I will try to prepare a patch 
(but today I must go and do some for-school work, so maybe tomorrow - but I don't really know the internals here).

hth,
luis
Comment 4 Luís Pedro Coelho 2003-12-28 18:50:18 UTC 
Subject: kdelibs/khtml

CVS commit by luis_pedro: 

If we look up something in the cache and it has the wrong type, throw it away and start again.

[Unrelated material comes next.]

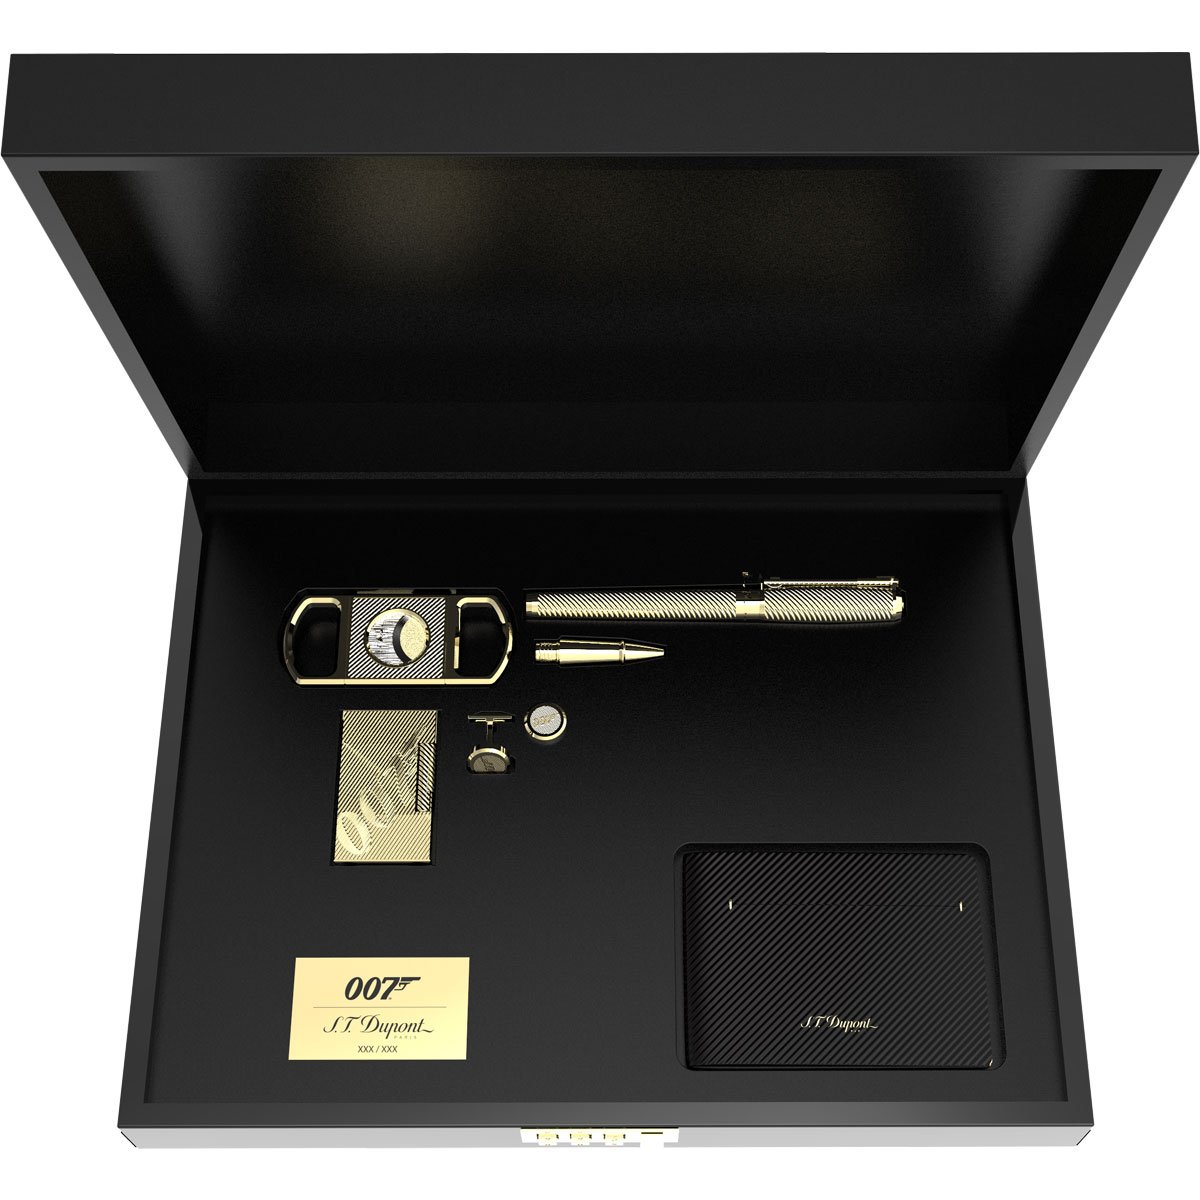 ST Dupont James Bond 007 Collector Set - Gold - Limited Edition
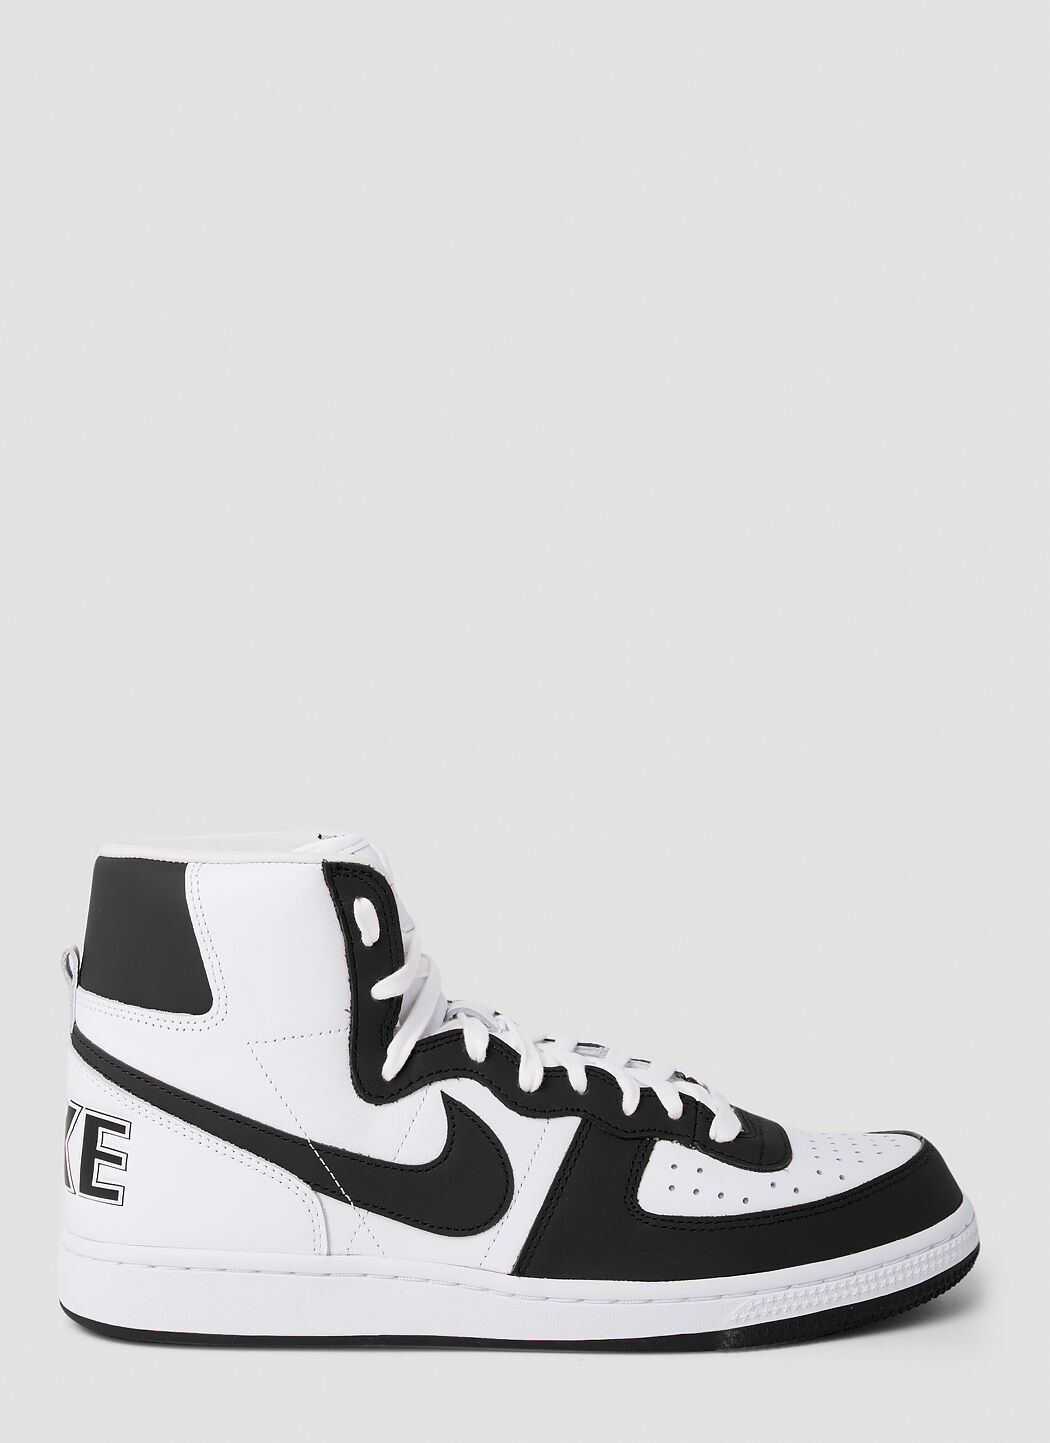 Saint Laurent x Nike Terminator Sneakers Black sla0156040

Discussed in kfm-devel, OKed by Waldo.
CCMAIL: 68181-close@bugs.kde.org


  M +4 -0      ChangeLog   1.140
  M +15 -4     misc/loader.cpp   1.164


--- kdelibs/khtml/ChangeLog  #1.139:1.140
@@ -1,2 +1,6 @@
+2003-12-27  Luis Pedro Coelho <luis@luispedro.org>
+
+        * misc/loader.cpp : Discard items from cache if they have the wrong type (#68181)
+
 2003-12-20  Koos Vriezen  <koos.vriezen@xs4all.nl>
 

--- kdelibs/khtml/misc/loader.cpp  #1.163:1.164
@@ -1417,4 +1417,12 @@ CachedCSSStyleSheet *Cache::requestStyle
 
     CachedObject *o = cache->find(kurl.url());
+    if ( o && o->type() != CachedObject::CSSStyleSheet ) {
+#ifdef CACHE_DEBUG
+            kdDebug( 6060 ) << "An object for " << kurl.url() << " was present, but was not a stylesheet. Removing it." << endl;
+#endif
+            removeCacheEntry( o );
+            o = 0;
+    }
+
     if(!o)
     {
@@ -1429,6 +1437,4 @@ CachedCSSStyleSheet *Cache::requestStyle
     o->setExpireDate(_expireDate, true);
 
-    assert(o->type() == CachedObject::CSSStyleSheet);
-
     moveToFront(o);
 
@@ -1473,4 +1479,11 @@ CachedScript *Cache::requestScript( DocL
 
     CachedObject *o = cache->find(kurl.url());
+    if ( o && o->type() != CachedObject::Script ) {
+#ifdef CACHE_DEBUG
+            kdDebug( 6060 ) << "An object for " << kurl.url() << " was present, but was not a script. Removing it." << endl;
+#endif
+            removeCacheEntry( o );
+            o = 0;
+    }
     if(!o)
     {
@@ -1485,6 +1498,4 @@ CachedScript *Cache::requestScript( DocL
     o->setExpireDate(_expireDate, true);
 
-    assert(o->type() == CachedObject::Script);
-
     moveToFront(o);
     if ( dl ) {
Comment 5 MDonoughe 2004-01-10 03:57:29 UTC 
Thank you.  Now I can update my page there.